Swapping out headjoints seems to be a kind of ‘rite-of-passage’ for some of us. I can tell you my experience. Others have had their’s. Some of the current flutemakers will have their ideas. I have an anonymous flute of French manufacture sold through an London dealer about 1920.
It had a half-lined head. I found I had a vintage American headjoint from a Pepper flute from around 1890. The headjoint was about a tenth of a mm larger in bore, and fully lined, with a ‘modern’ cut (lozenge shaped. or squared oval) embouchure somewhat larger than the original smaller oval embouchure. The barrel fit the body and was very close to the same length overall.
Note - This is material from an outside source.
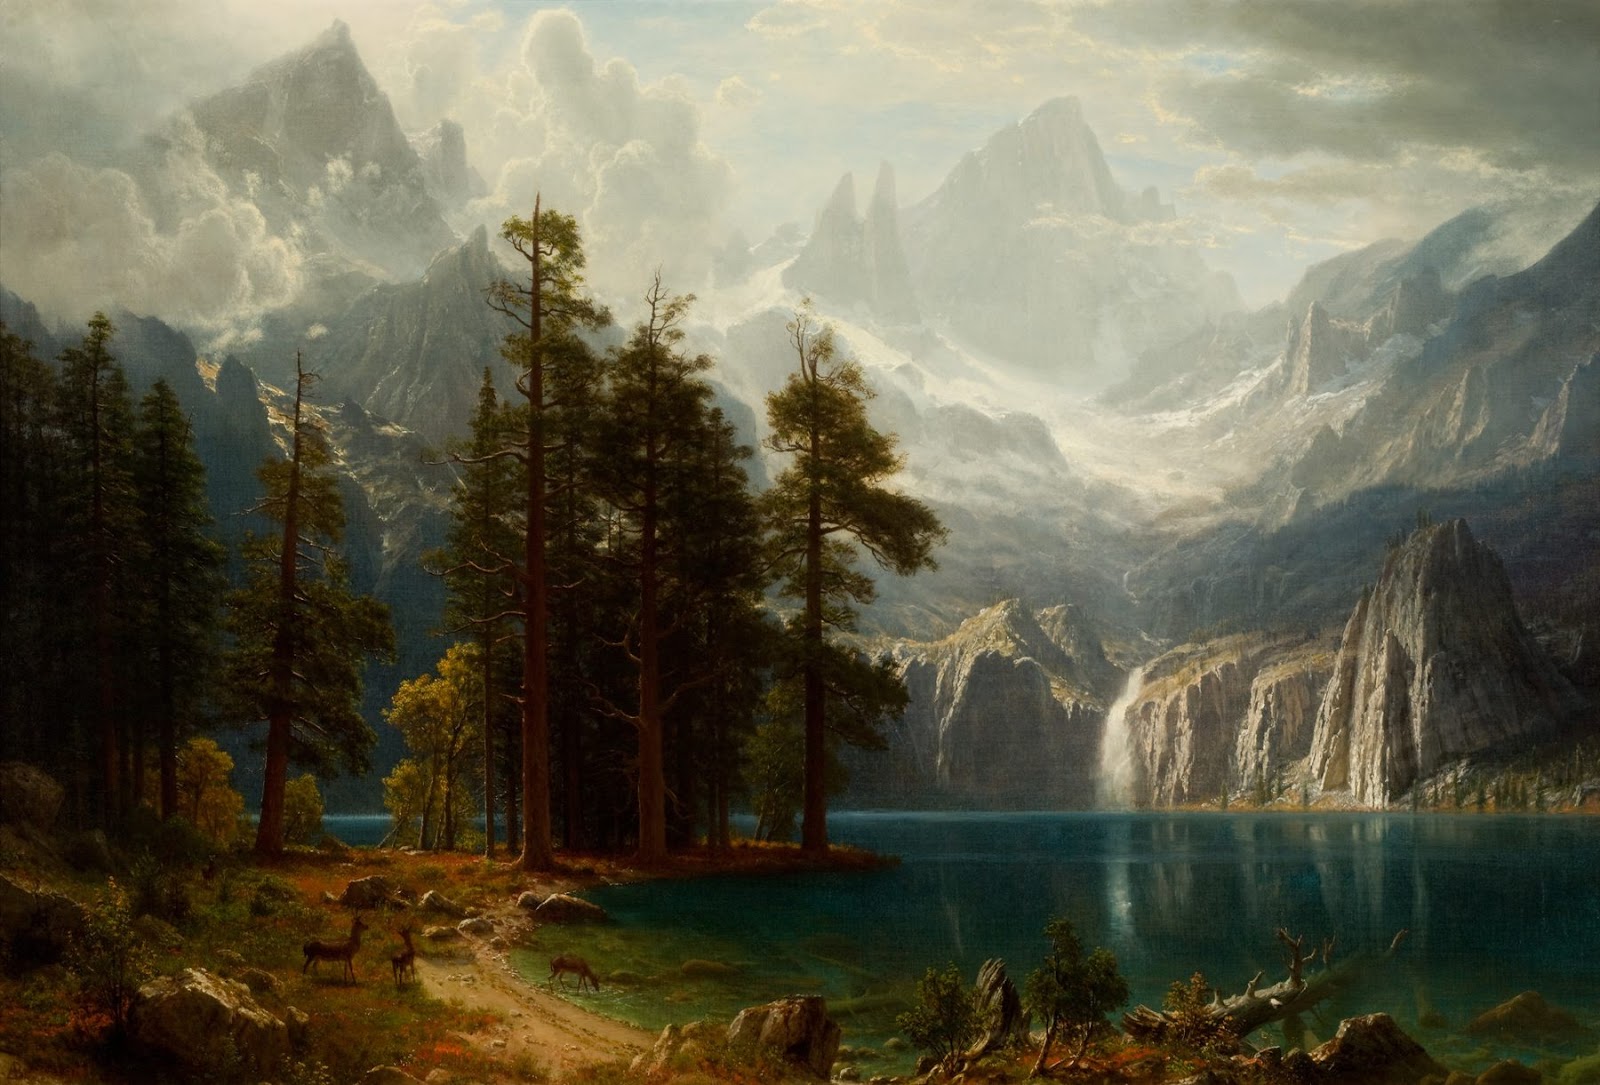 Counterlight's Peculiars: Albert Bierstadt Goes West

The result for me was a very slightly sharper pitch ( I drew the slide out 1-2 mm more), and found I could drive the flute more, with a stronger bottom. YMMV.
Bob
I have found going from a 18.6mm bore to a 18.9mm bore will be benificial to “open up” the flutes volume. The playing length will change, as the wider bore will be sharper. As far as “TV tube” square embouchure holes, I think it compromises the tone of the flute, it will be easier to play, but it makes for boring tone. Better still is to train yourself to tighten your embouchure instead.
Michael Clarkson has an antique flute with a Murray headjoint. I’ve tried it, it’s wonderful.
G
I’ve adopted a new rule for myself. Whenever I’m tempted to say something rash, I have to wait at least an hour before doing so. Now that it has, I’ll just say, “yes, I’ve heard some people seem to have had great luck putting on a new head joint.” Actually, I do have one experience with this. I bought a Thibouville which was a beautiful flute, but hard to play. I sent it to Dave Copley and he made me a mopane one stained to match the cocus of the flute. It is a big big improvement, I was just curious about other experiences. Thanks, Steve (who is feeling better about not starting up a recent thread again.)
Libraryman,
There’s no shame in a good technical question once in a while.
A modern flute head can be different in three major ways: the basic diameter, the shape of the bore and the cut of the blowhole.
Modern flutemakers have the term, ‘modern cut’ regarding the blowhole; its shape is like the tv screen (a term mentioned here). It won’t play the same as the classic cut. On the other hand, if you’re a player of the metal flute, you’ll like it just fine.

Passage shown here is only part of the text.